This two-day conference, cosponsored by the Division of International Studies, The College of William & Mary, and the Los Alamos National Laboratory,assessed the 50 year old legacy of the Atoms for Peace Proposal and also looked ahead at its relevance for dealing with nuclear energy, nonproliferarion, arms control, and terrorism.

Date & Time

Sunday
Dec. 7, 2003
10:00pm – 10:00pm ET

Overview

This conference marked the fiftieth anniversary of President Dwight D. Eisenhower’s Atoms for Peace program.
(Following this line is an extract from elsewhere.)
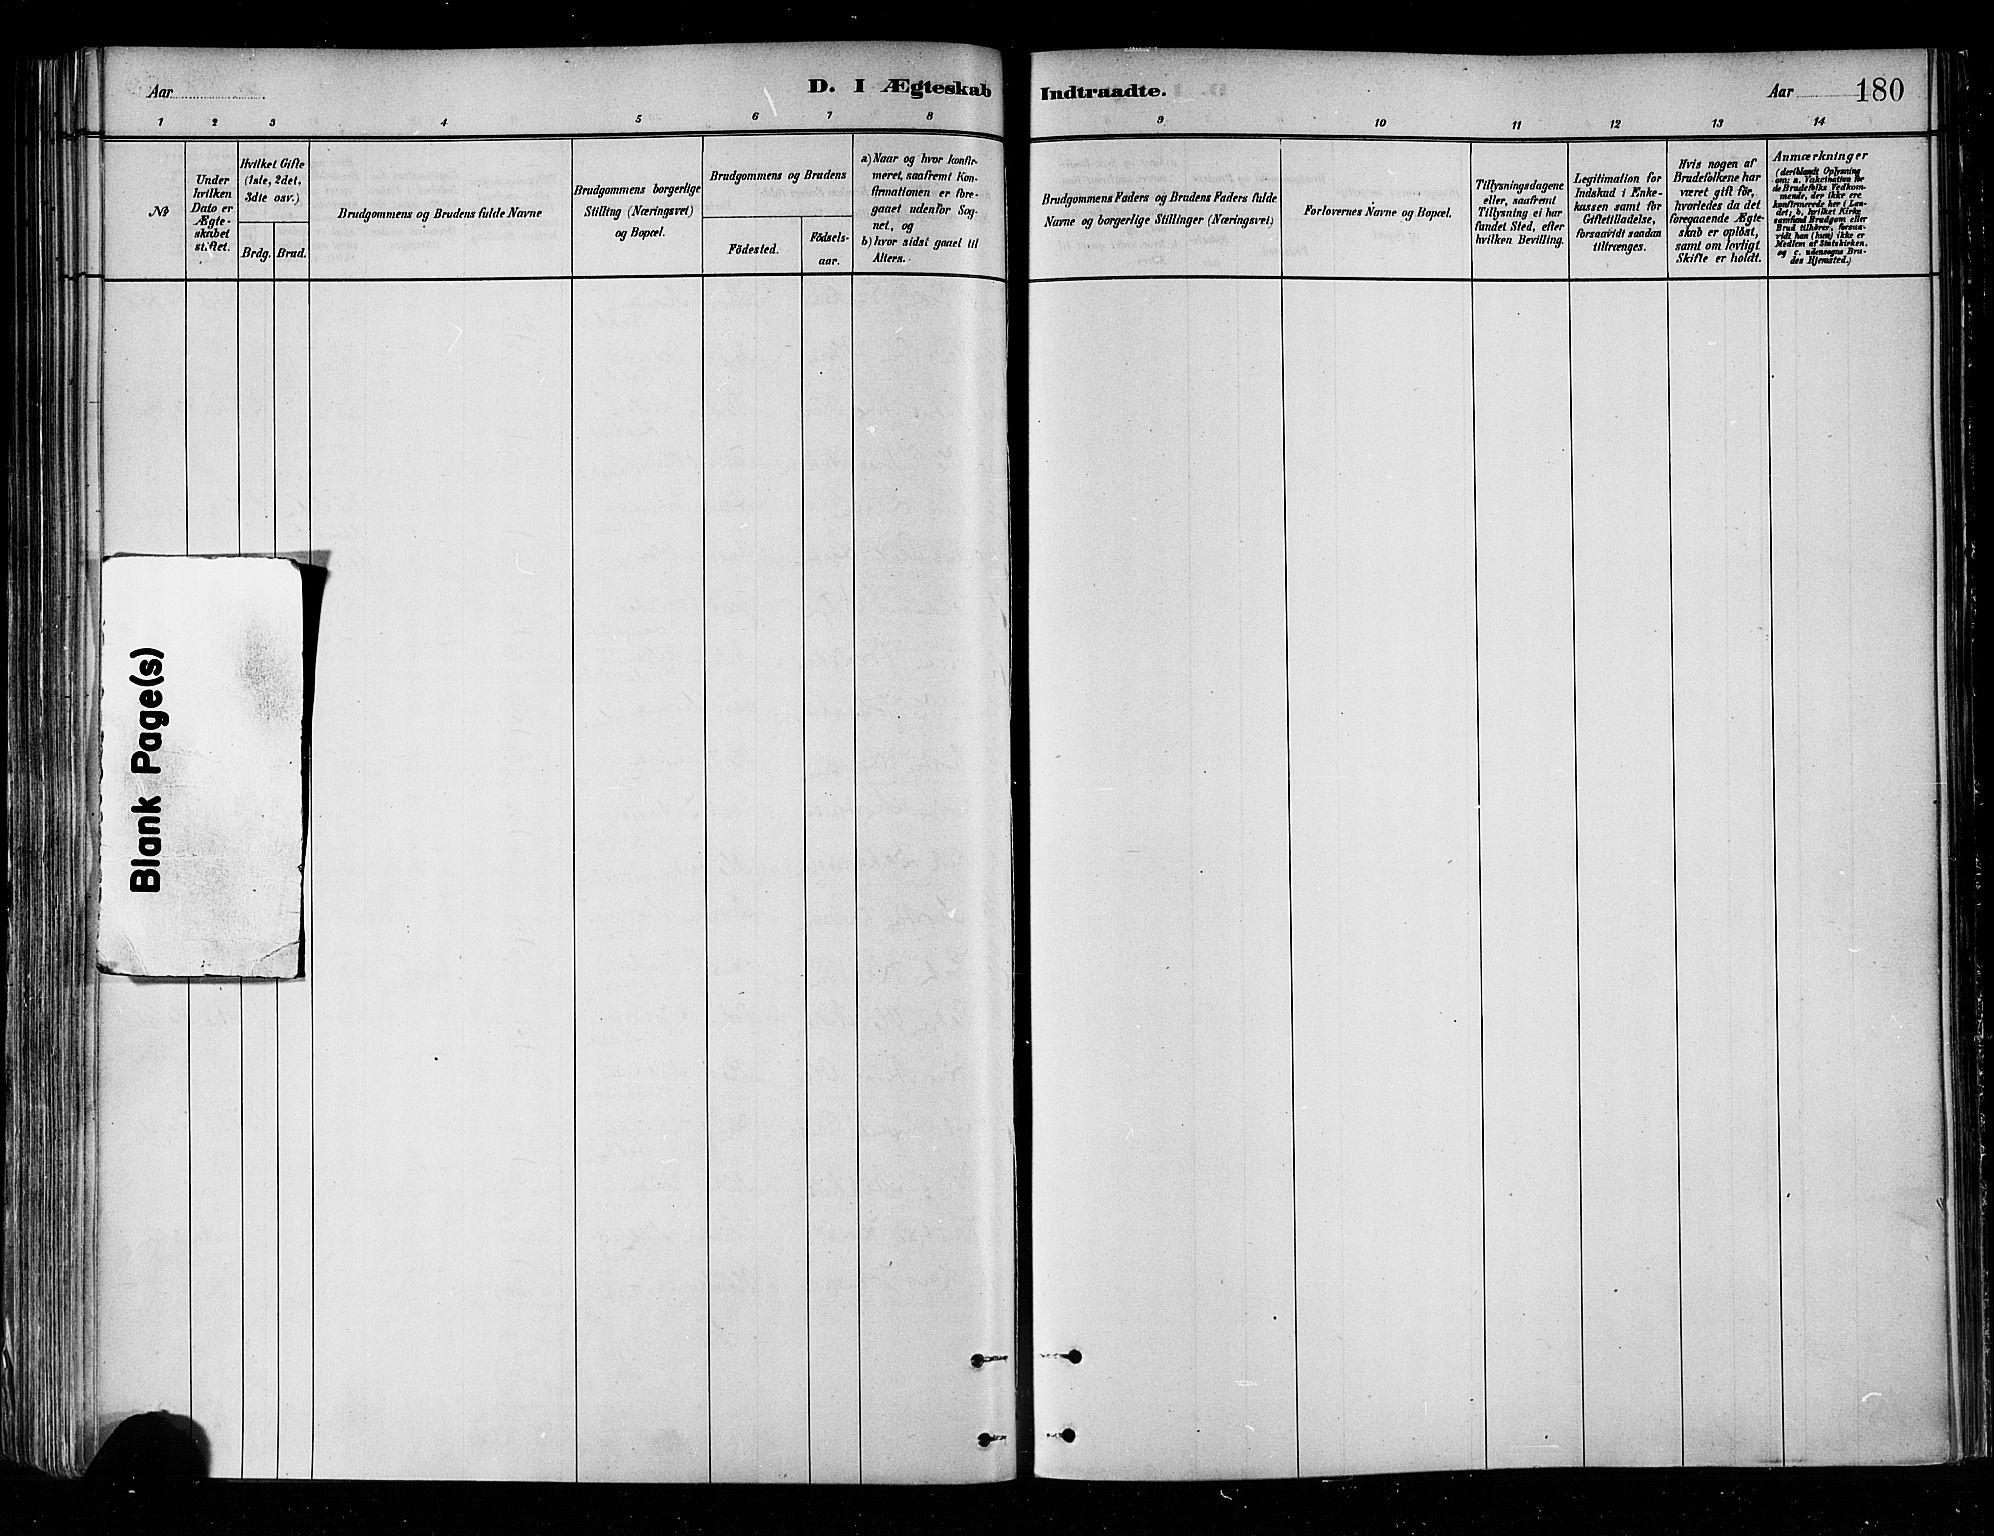 SATØ, Skjervøy sokneprestkontor, H/Ha/Haa/L0010kirke: Ministerialbok nr. 10, 1887-1898, s. 180

Prominent security issues of today — including serious questions about Iran’s nuclear program, the prospects of a nuclear energy renaissance with dramatic implications for global prosperity as well as proliferation, efforts to develop commercial uses for excess defense nuclear material and the dreadful prospect of nuclear and radiological terrorism — can be seen through the prism of Atoms for Peace. Was this initiative fatally flawed or the only basis for reducing nuclear dangers while enjoying the benefits of peaceful nuclear energy?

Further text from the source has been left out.